Tuesday, October 20, 2015

3 Life Lessons from Another Generation

As much as I hate to admit this, I’m not really a “young adult” anymore.  I’ve been out of college *cough* years, and so although I’m not a “middle-aged” person, it pains me to admit that some might say I’m closer to that life stage than I am the college life stage.

And yet, as I age grow-up, I am realizing how badly I want to keep a student’s heart! Why? Because this younger generation is inspiring. And I don't mean in the fluffy “you can be whatever you want” type of way but in the reality that "life can be rough" type of way.  

1. Giving free forgiveness
It’s unbelievable to me to see how much students have been hurt. In ridiculous and sometimes horrible ways.  I’ve sat through conversation after conversation in the past few months / years, listening to girls stories and finding out deep wounds that would leave most shaken and destroyed.  But much to my shock, not only are these young people standing stronger in their faith than before, they are walking in grace.

I’ve seen the practical obedience to the hard commands to love enemies and forgive brothers as they’ve said things like:

“She wasn’t trying to be like that. She was just ignorant.”
“It’s ok. God’s grace is deeper.” 
“I can’t judge them- I’ve made mistakes in my past too.”
“I don’t understand it. I’m hurt by it. But I don’t want to stay in this place.”

Their statements are eerily similar to Jesus’ words:
Judge not, and you will not be judged; condemn not, and you will not be condemned; forgive, and you will be forgiven; * But I say to you who hear, Love your enemies, do good to those who hate you; ** Father forgive them. They don’t know what they are doing.” ***

I can’t help but ask myself, when was the last time I sounded just like Jesus especially in an area as hard as forgiveness?

2. Crying S.O.S.
If you’ve texted with someone under the age of 30 recently, then you may have noticed that the SOS signal is the commonly used abbreviation for HELP in texting.  We won’t discuss whether or not I think SOS is a warranted cry when the text is that they need to borrow a pencil… but I do understand the distress signal for say, chocolate chip cookies!

Regardless, students have no issue with sending the SOS flare.
SOS! I need a flat iron!
SOS! That cute boy from math class said hi!
SOS! I can’t understand Bio!
SOS! My parents are getting divorced.
SOS! I don’t understand why God allowed this to happen.
SOS! My heart is breaking for my friend.

The cries range in heaviness but all are real. All are genuine needs.
At what point in my life did I transition from feeling like I can ask for help for any of life’s situations into the unrealistic belief that I have to be perfectly put together and never admit I need anything? Maybe even more important than asking the when is to ask the why?

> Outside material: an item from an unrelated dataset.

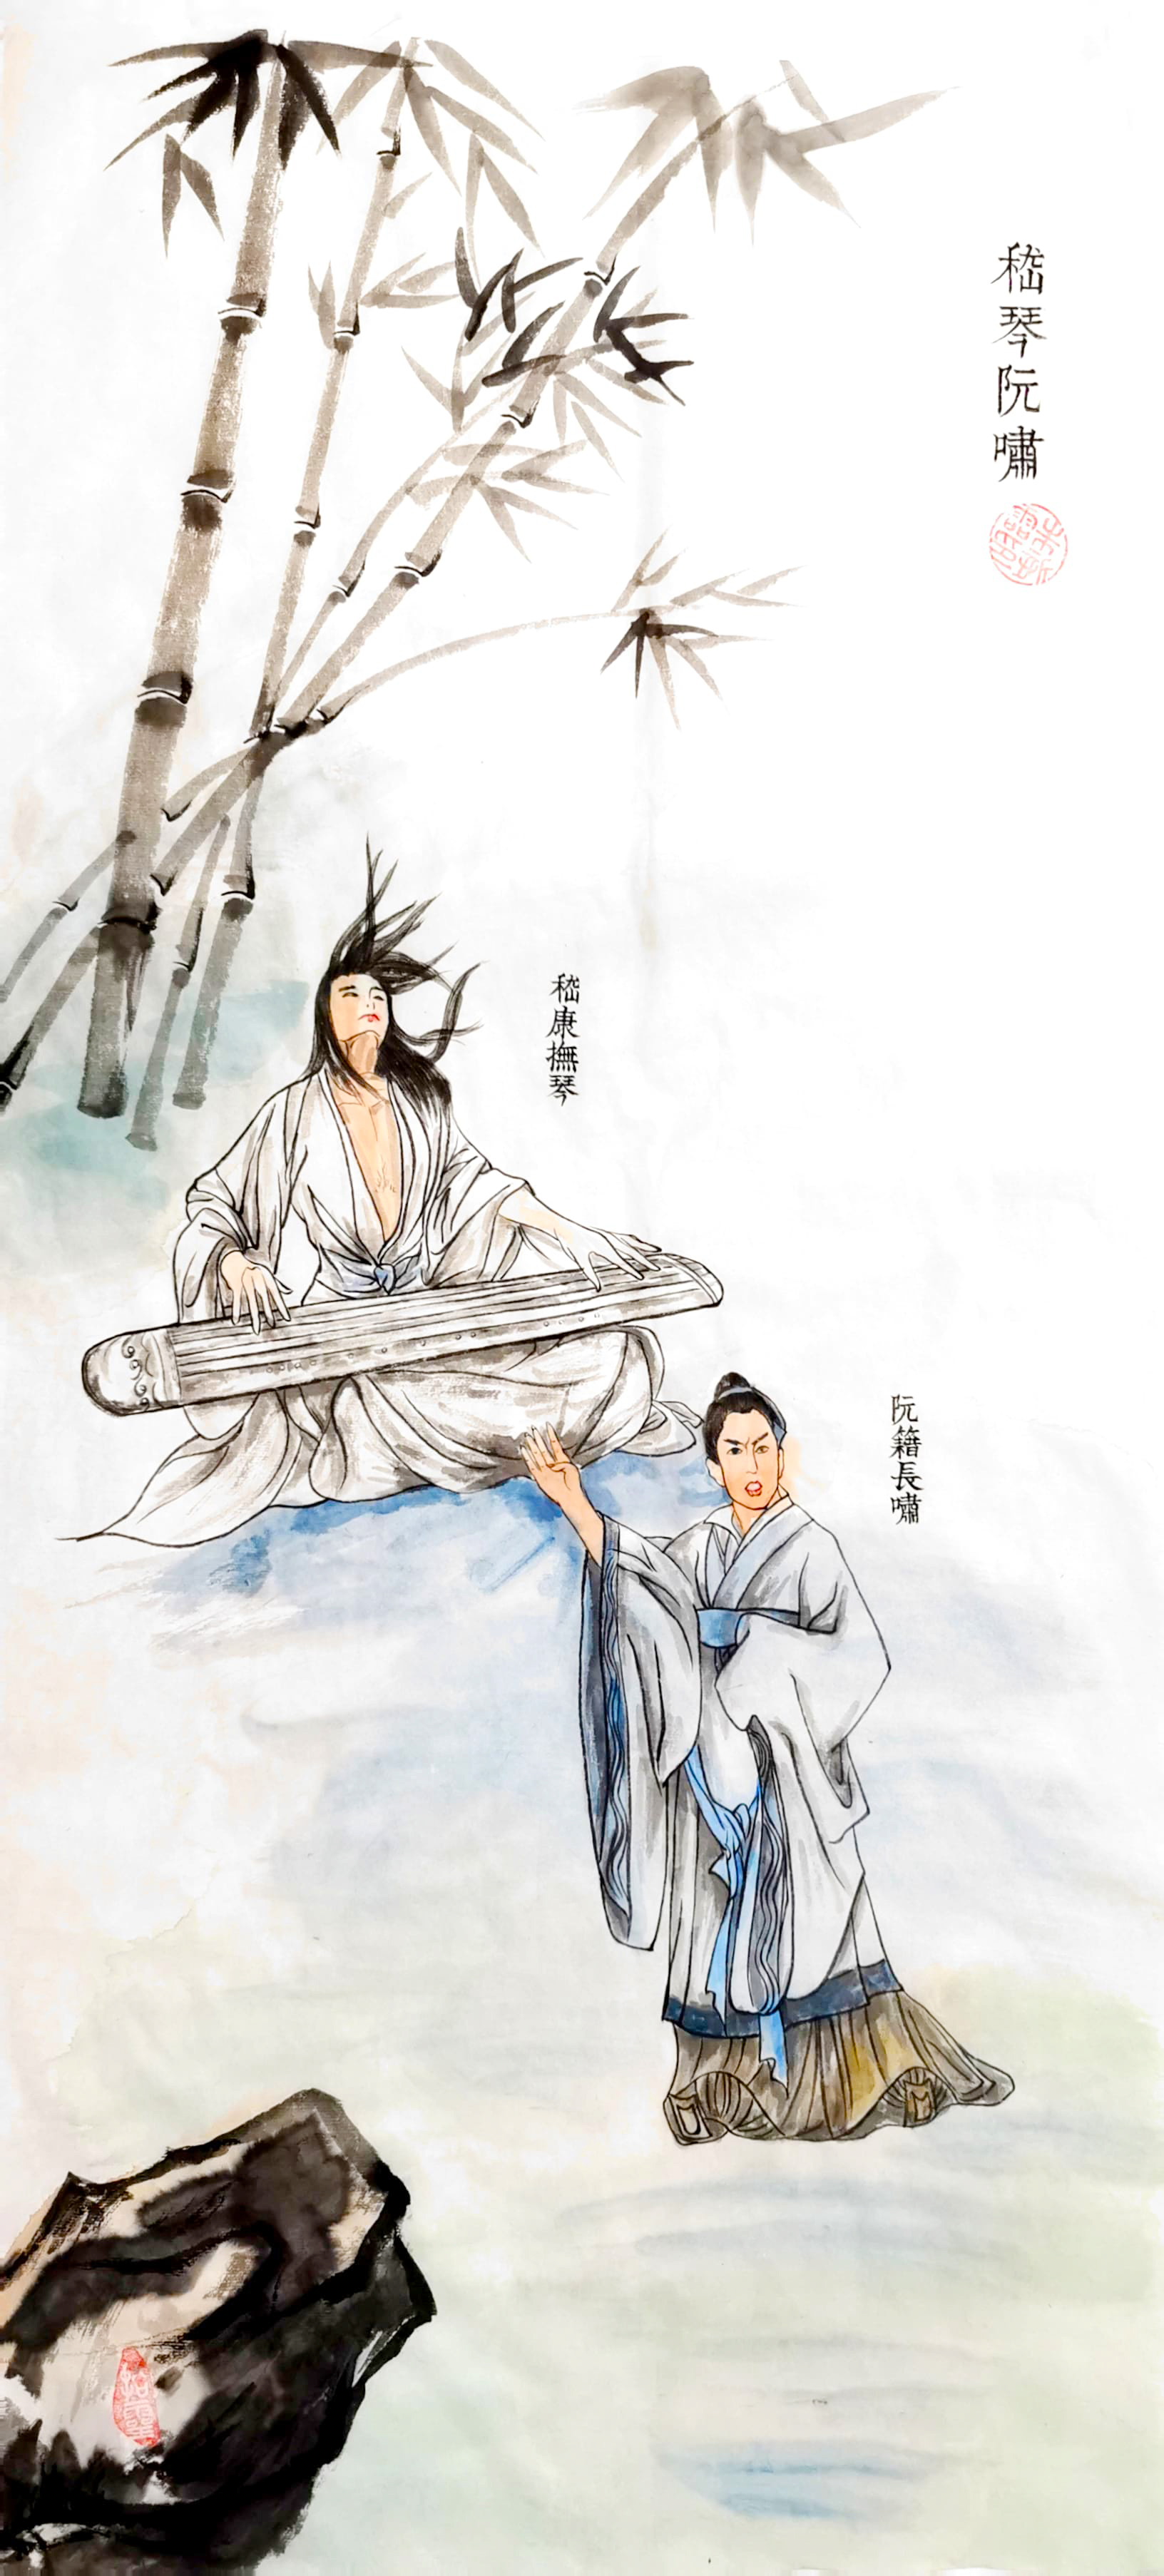 《飞龙在天 浓情端午》海内外华人艺术家共庆佳节书画展(图254)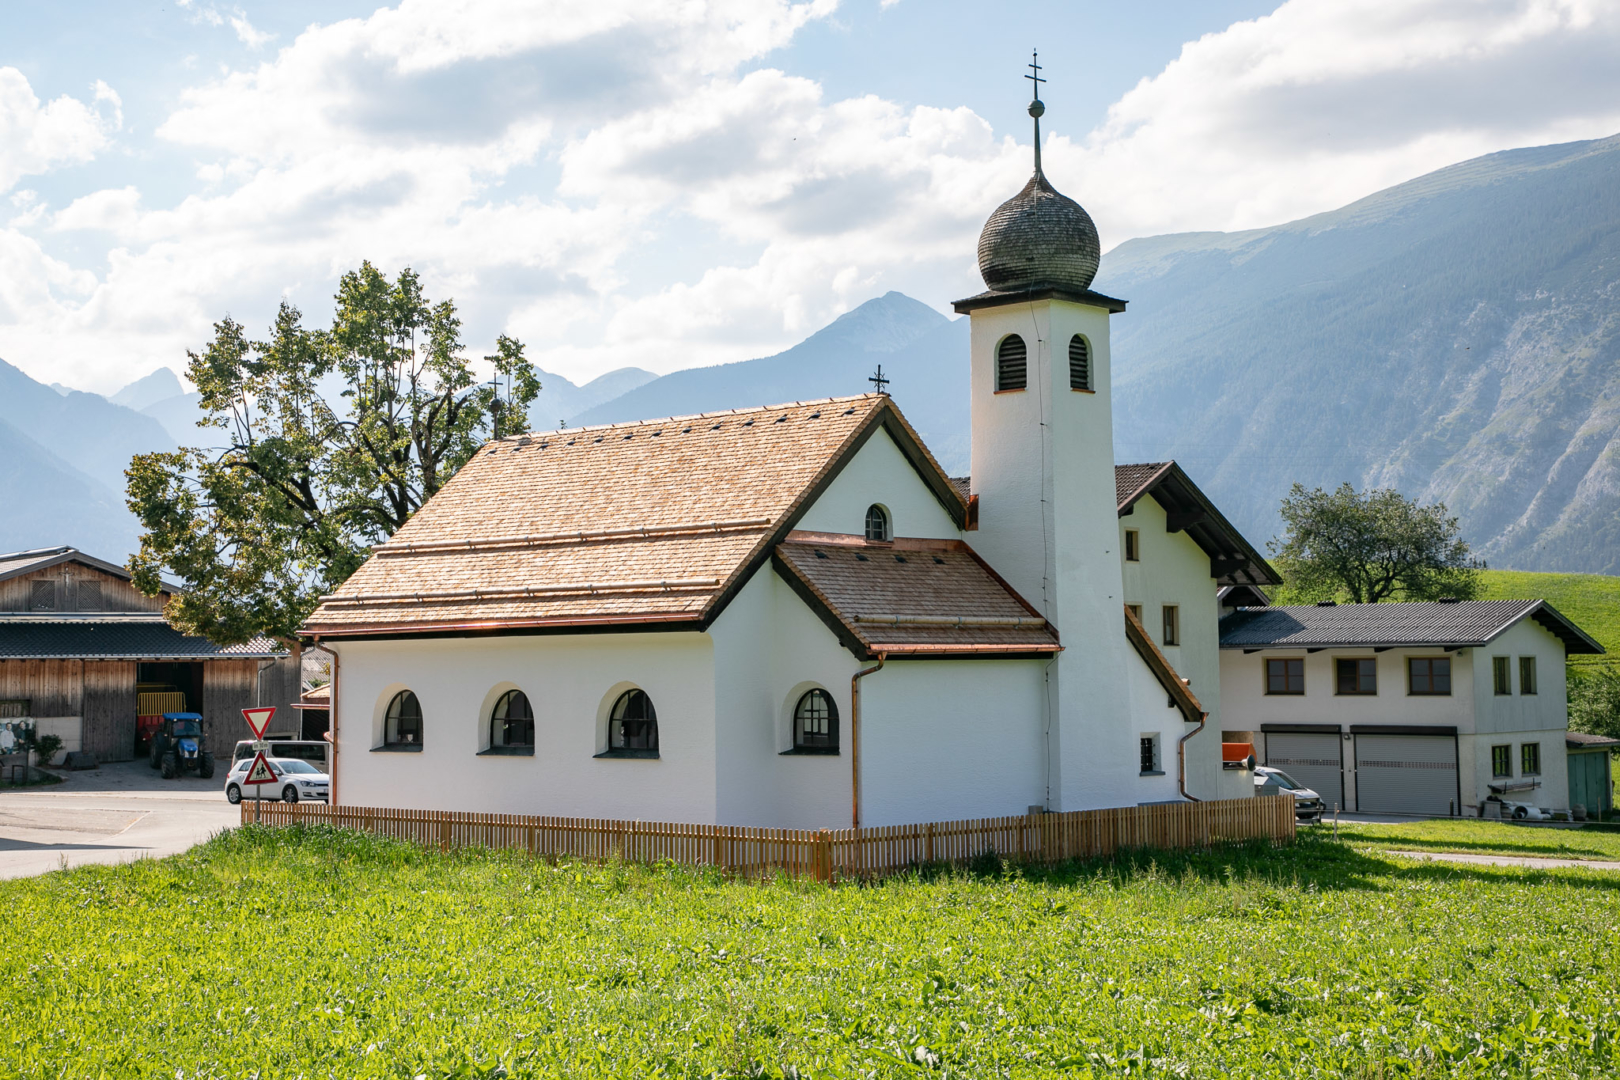 Holzschindeln von Holzbau Brunner auf der Kirche von Gallzein

Why do we not send the SOS flare when life takes a screeching turn in a direction we never saw coming? Why do we pretend that we’re not shaken, bruised, and distraught?

When was the last time I was genuine enough to ask for help?

3. Living fully
Somewhere along the road of “adulthood,” you learn a secret shortcut… you learn to stop thinking introspectively. It requires too much energy.  Instead, you { I } just go with the flow. We do what we need to do in order to be successful at our jobs, a good member of our family, and an active church member. Rarely do we stop to creatively think of ways to improve ourselves, our relationships, and our spiritual walk.  

It’s as if we are settling for surviving instead of living.

Yet as I have conversations with students, rarely are they content to survive. Instead they want to glean every memory, every experience from their lives.  They want to change in order to better themselves instead of focusing on how to better others.
Now I get that, realistically, as we age we lose some of that energy, but yet we also supposedly gain wisdom. So why don’t apply that wisdom to pick which areas of my life to still exert the most energy so that I can get the most return?

What do I mean?  


  • Why do I spend so much energy on obsessing over the little things in my job instead of praying over the people I work with?
  • Why do I spend so much energy on trying to meet the world’s fleeting view of beauty instead of spending time investing in my eternal relationship with Christ?
  • Why do I get caught up in drama when I could be studying wisdom?

So now what….

I’m learning to learn from those younger than me.
To be a bit more humble when it comes to life.
I’m learning that instead of discounting the younger generation because they haven’t made it to my life stage yet, maybe I should be acquiring their qualities.
To not be so quick to judge. So quick to fix things alone. So quick to survive.
I’m learning that maybe the younger ones have an outlook that actually looks more like Jesus’ than my own.